Interaction of DPP10a with Kv4.3 channel complex results in a sustained current component of human transient outward current Ito

The sustained component of the K+ outward current in human atrial myocytes is believed to be due to the slowly inactivating ultra-rapid potassium current I Kur and not to the fast inactivating transient outward current I to. Here we provide evidence for contribution of I to to this late current due to the effects of dipeptidyl peptidase-like protein (DPP) 10 (DPP10a) interacting with Kv4.3 channels. We studied the late current component of I to in human atrial myocytes and CHO cells co-expressing Kv4.3 or Kv4.3/KChIP2 (control) and DPP proteins using voltage-clamp technique and a pharmacological approach. A voltage dependent and slowly inactivating late current (43 % of peak amplitude) could be observed in atrial myocytes. We found a similar current in CHO cells expressing Kv4.3/KChIP2 + DPP10a, but not in cells co-expressing Kv4.3 + DPP or Kv4.3/KChIP2 + DPP6-S. Assuming that DPP10a influences atrial I to, we detected DPP10 expression of three alternatively spliced mRNAs, DPP10 protein and colocalization of Kv4.3 and DPP10 proteins in human atrial myocytes. DPP10a did not affect properties of expressed Kv1.5 excluding a contribution to the sustained I Kur in atrial cells.

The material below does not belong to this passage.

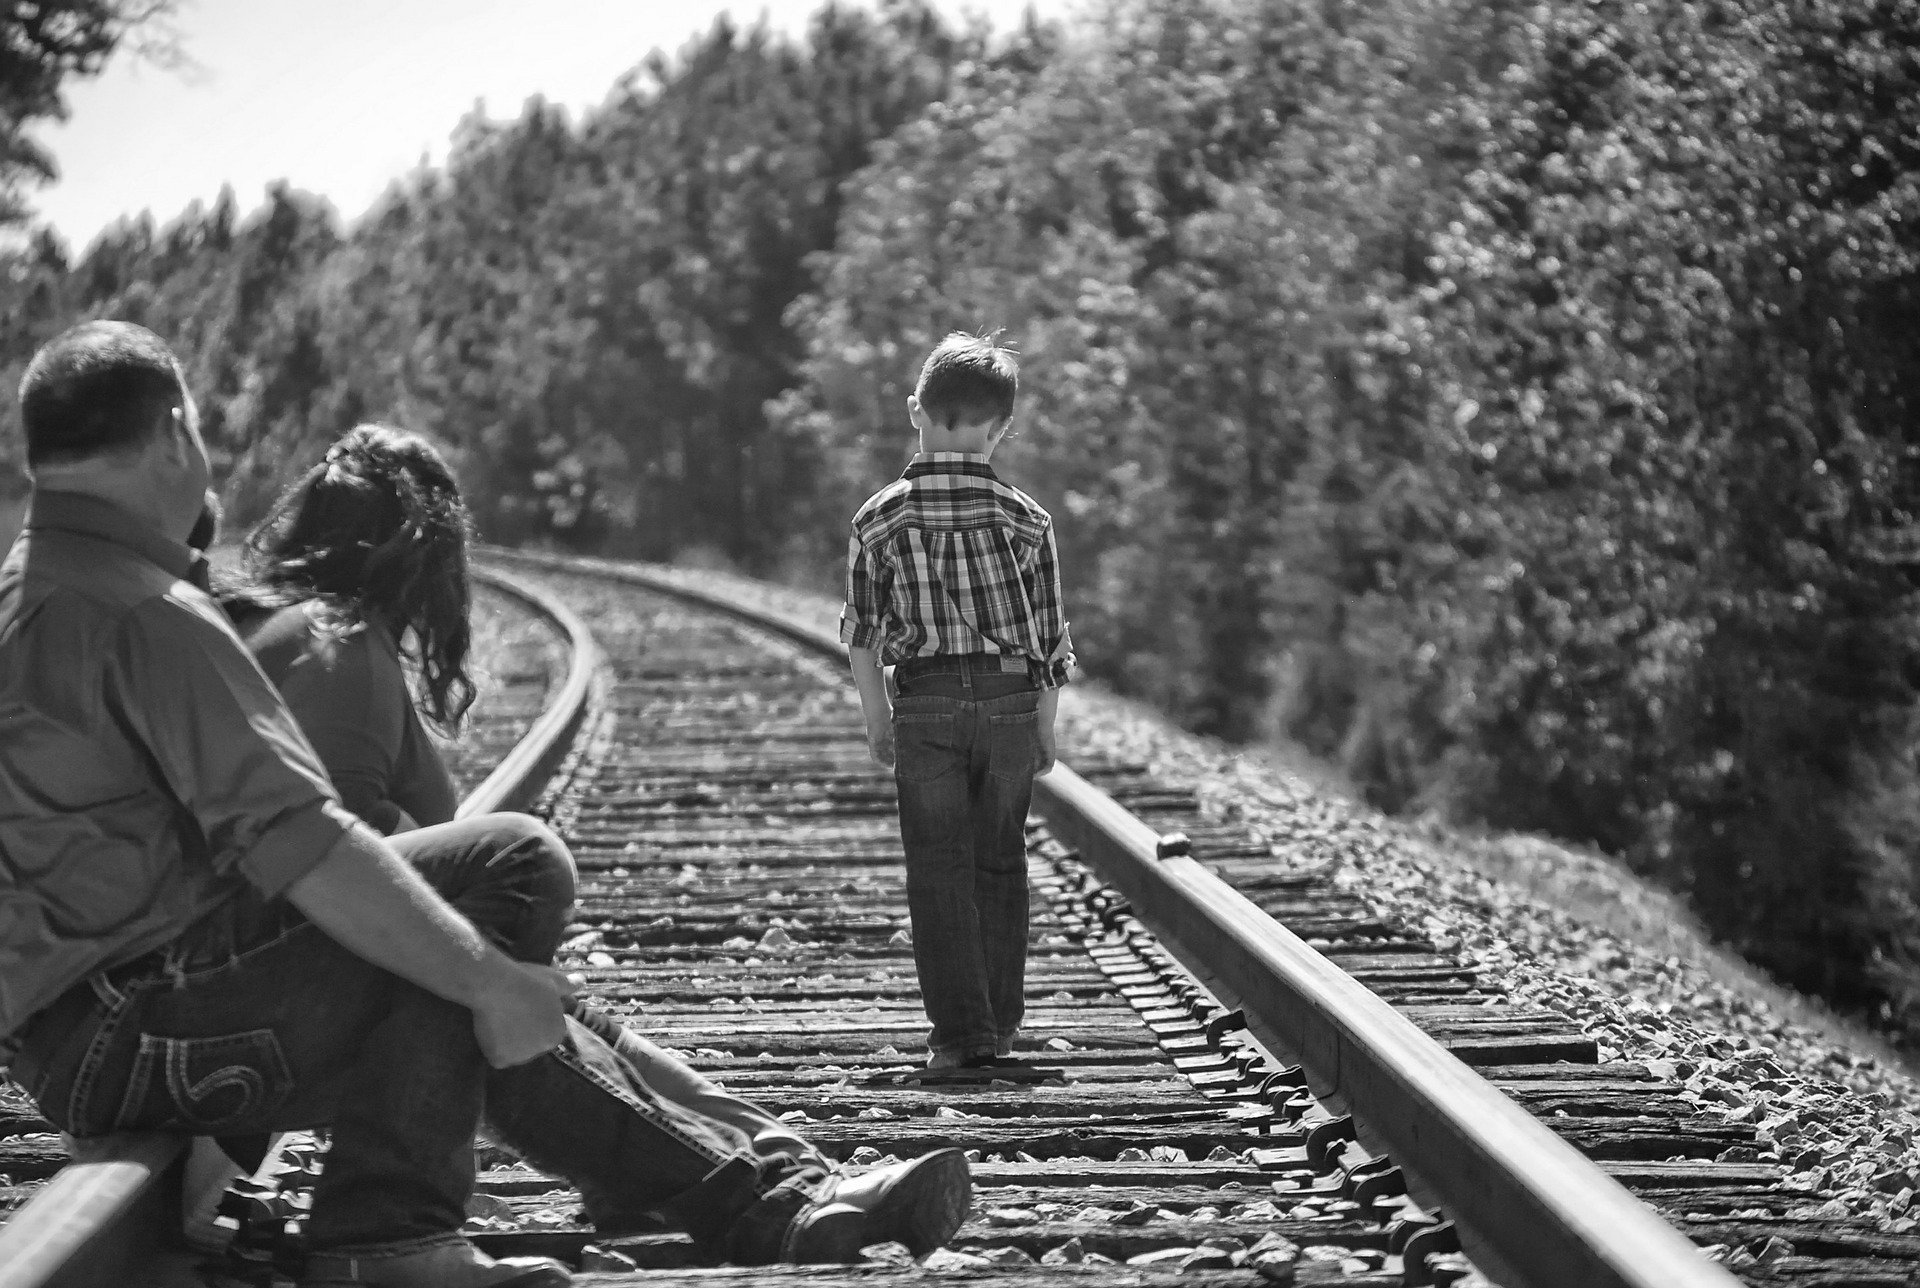 Family on a Railroad - VeteranCarDonations.org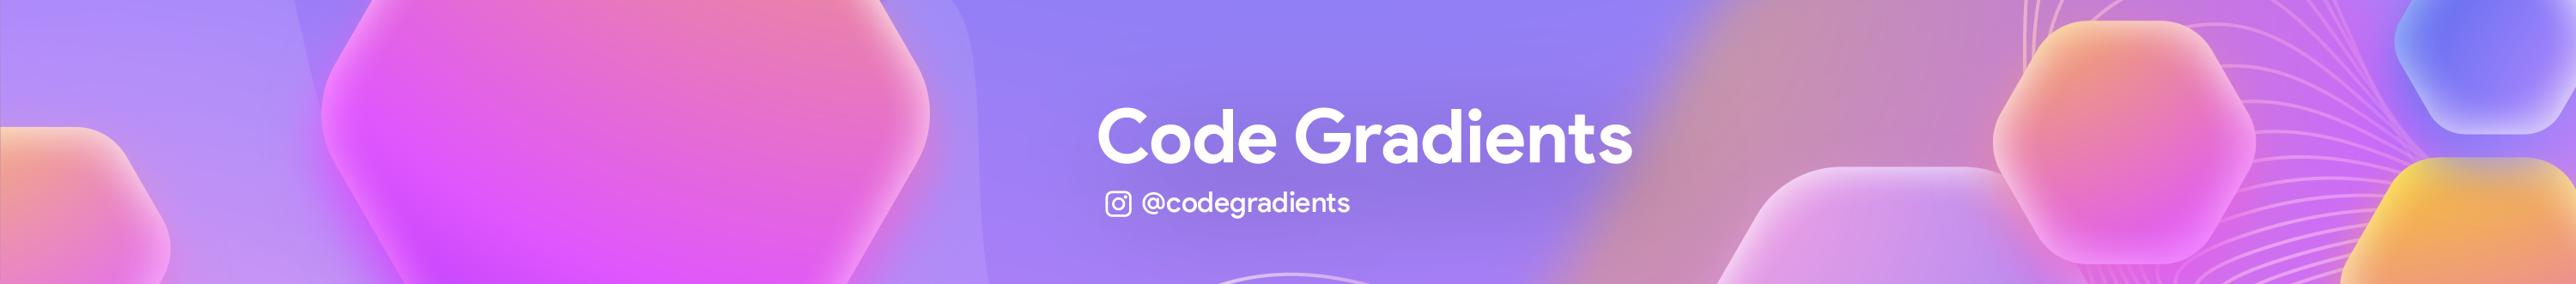 Code Gradients's profile banner

To test for the contribution of Kv4-based I to on sustained K+ outward currents in human atrial myocytes, we used 4-AP to block I Kur, in combination with Heteropoda toxin 2 to block Kv4 channels. We could clearly separate an I to fraction of about 19 % contributing to the late current in atrial myocytes. Thus, the interaction of DPP10a, expressed in human atrium, with Kv4.3 channels generates a sustained current component of I to, which may affect late repolarization phase of atrial action potentials.